Aside from the fact that I started teaching my grade 8s Meaghan’s Sochi 2014 French unit this week, this post does not have very much to do directly with education or teaching.  This post has everything to do with the Olympic Games!  Truth: I was almost late for yoga yesterday (yes, the class that I teach…) because I was watching Teams Canada, Russia and USA skate it out in the pairs ice dance competition. Oops. 

In case you haven’t noticed, Meaghan and I keep it pretty peaceful here on Tale of Two Teachers.  We aren’t overly political people and both of us utterly detest confrontation.  We are happy to educate ourselves on controversial topics and we often discuss both sides of political issues.  This doesn’t mean we don’t have our own opinions…trust me, we do!  But we’d rather just embrace the peace.  So, I am not going to delve too deeply into the scandals and controversy that seem to be enveloping the Sochi Olympic Games – you all can do your own Google searches on the latest rumors and ridiculousness people are Facebooking and Tweeting about (if you’re into that).  I will say, though, that I feel very sad about the fact that the hashtag #sochifails even exists.  I’m not a Twitter queen, but I know how a hashtag works (people need to create it and feed it in order to make it noticeable).  My opinion about #sochifails is that the people participating in the Olympic Games are doing a disservice to their own Olympic experience and detracting from the spirit of sportsmanship the Games create.  Yes, I realize I am not in Sochi to experience toilets without dividing walls for privacy, etc., but I have traveled to and through developing nations…and I survived the less-than-perfect living conditions.  If anything, I think it’s important for people to realize that the world isn’t the same place as our healthy, wealthy little corner in North America.  Just because a nation hosts an Olympic Games doesn’t mean they need to have separate toilet stalls for every athlete.  Just sayin’.

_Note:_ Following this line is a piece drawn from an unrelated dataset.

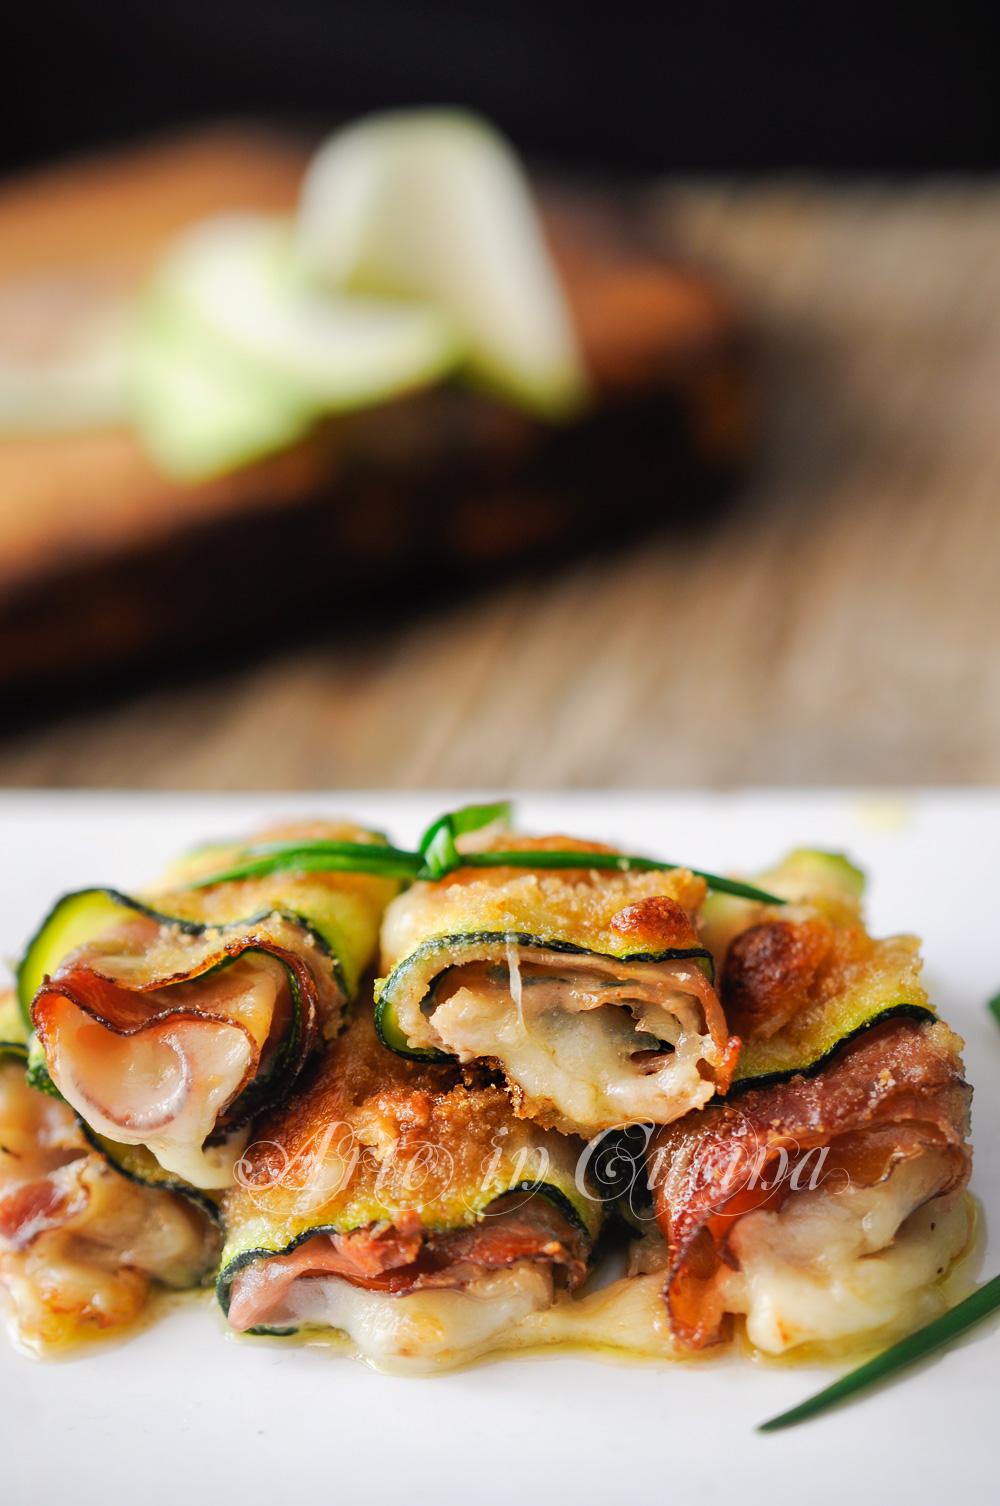 Involtini di zucchine gratinate ripieni al forno vickyart arte in cucina

I feel for my thirteen year old students right now, children who are entirely immersed in our social media obsessed world, and who have probably seen things like #sochifails (guaranteed I’m going to hear all about some of the photos posted when I go to school tomorrow).  For many of my students, these Sochi Games are their “first” winter Olympics because they were only nine years old in 2010 during the Vancouver Games and; therefore, don’t have many clear memories of the whole experience.  Because of this, I am trying my hardest to soak in this Olympic season.  My good friend recently told me she thinks what keeps teachers alive in this profession is eternal optimism; therefore, I’m trying to share the sheer awesomeness that is the Olympic Games with my grade 8s so that they have more memories than the negative aspects social media is portraying.  Go for it, call me the eternal optimist 🙂

It is true that I have an entirely biased (and positive) outlook when it comes to the Olympic Games.  It’s hard not to when you were essentially raised by an Olympian…

This is my former rhythmic gymnastics coach, Camille Martens.  Camille competed for Canada at the 1996 Atlanta Olympic Games.

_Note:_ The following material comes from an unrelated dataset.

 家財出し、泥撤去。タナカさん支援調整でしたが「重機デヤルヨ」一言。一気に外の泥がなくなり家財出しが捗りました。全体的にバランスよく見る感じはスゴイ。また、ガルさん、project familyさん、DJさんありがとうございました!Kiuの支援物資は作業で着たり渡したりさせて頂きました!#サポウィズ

Camille's children, Micah and Anastasia, dug out their mama's Team Canada jackets and wore them during Sochi's Opening Ceremonies.  They said, "Mom, these Games are important because they are about dreams..."

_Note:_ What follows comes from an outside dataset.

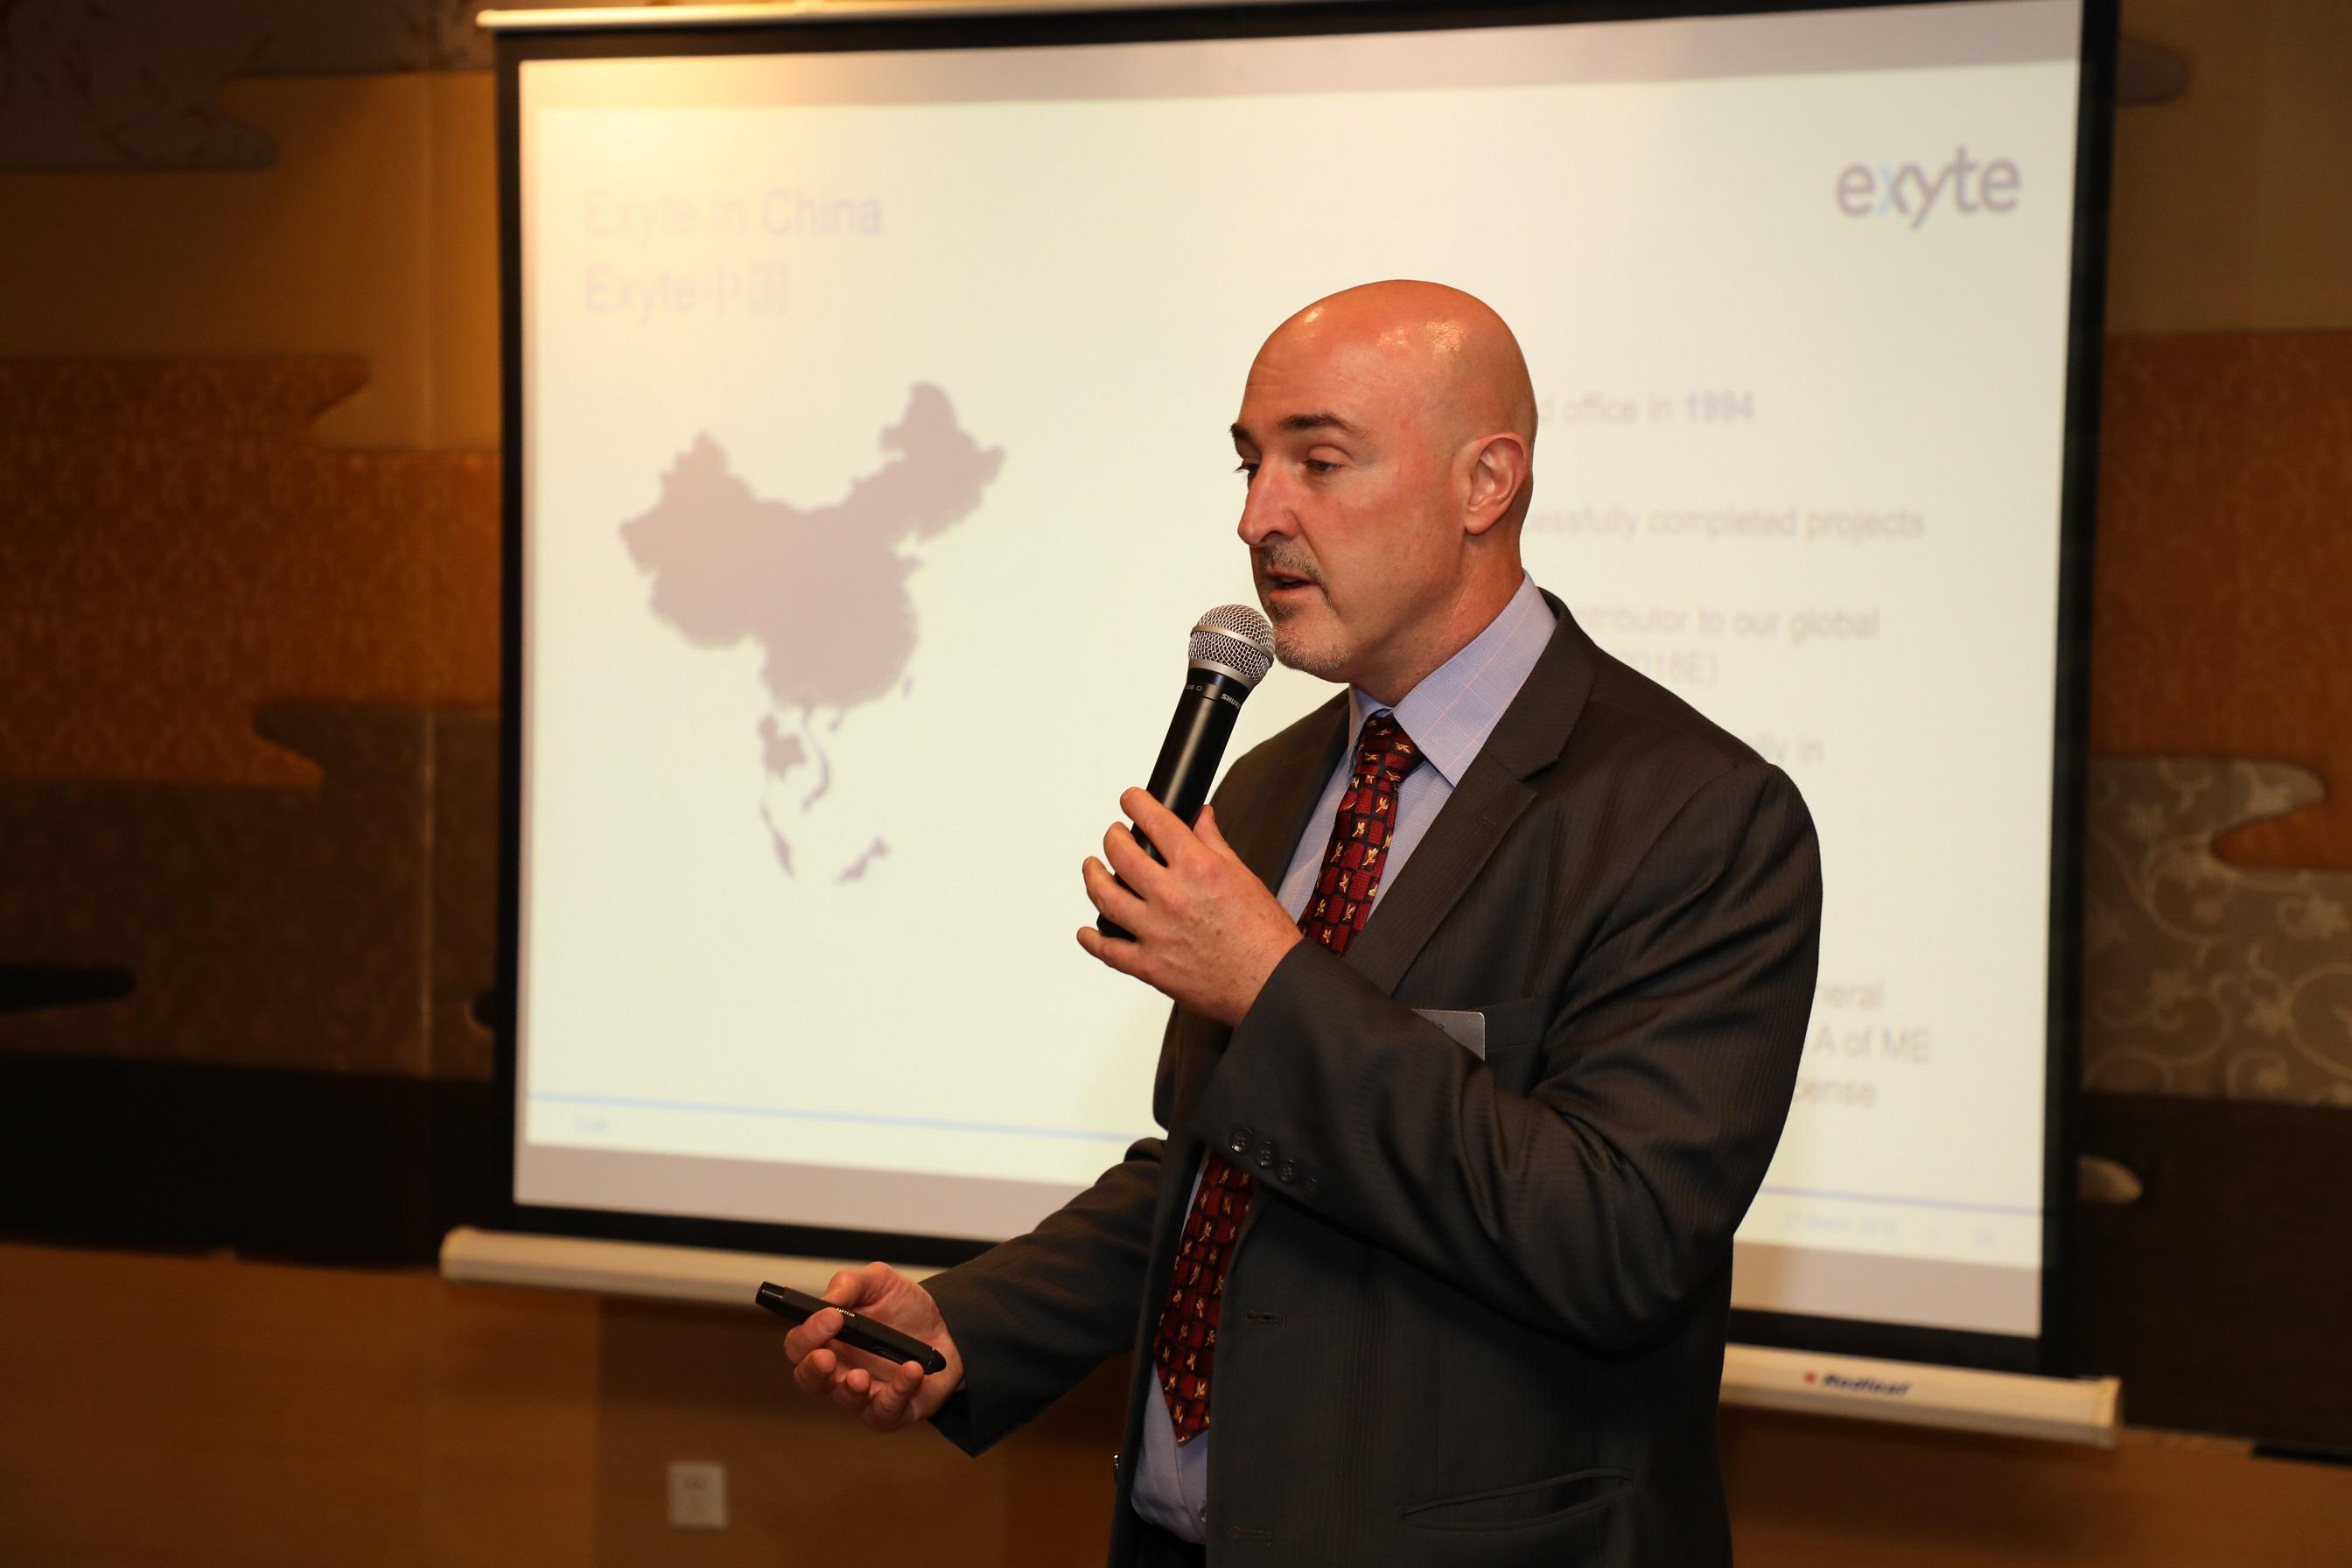 活动配图_罗润(Frank Lorenzetto), Exyte中国董事总经理.JPG

Camille’s children, Micah and Anastasia, dug out their mama’s Team Canada jackets and wore them during Sochi’s Opening Ceremonies. They said, “Mom, these Games are important because they are about dreams…”

So, in an attempt to conquer all the Olympic bashing that people love to do lately, I had my class watch our great country march out during the Opening Ceremonies last Friday morning.  Most of my students watched in awe as the world’s greatest athletes waved, shouted and smiled to the cameras.  We discussed important things while watching the Opening Ceremonies, such as Germany’s fantastic rainbow tracksuits and whether that was Germany’s way of supporting the Games’ gay athletes or merely a coincidence (we had previously discussed the former Communist Russia in class and questioned if some of those lingering ideals might have fueled the homophobic attitude at the outset of these Games).  We talked about what it might feel like to walk with the most incredible athletes, who are on your team, and listen to the sound of everyone cheering for you.  We talked about how we wished the athletes would simply put their iPhones down and soak in the moment they worked so hard for (and I did a little nudging to all my students as well…)  We celebrated with the world on Friday morning and no body mentioned a single “Sochi fail”.  It was beautiful.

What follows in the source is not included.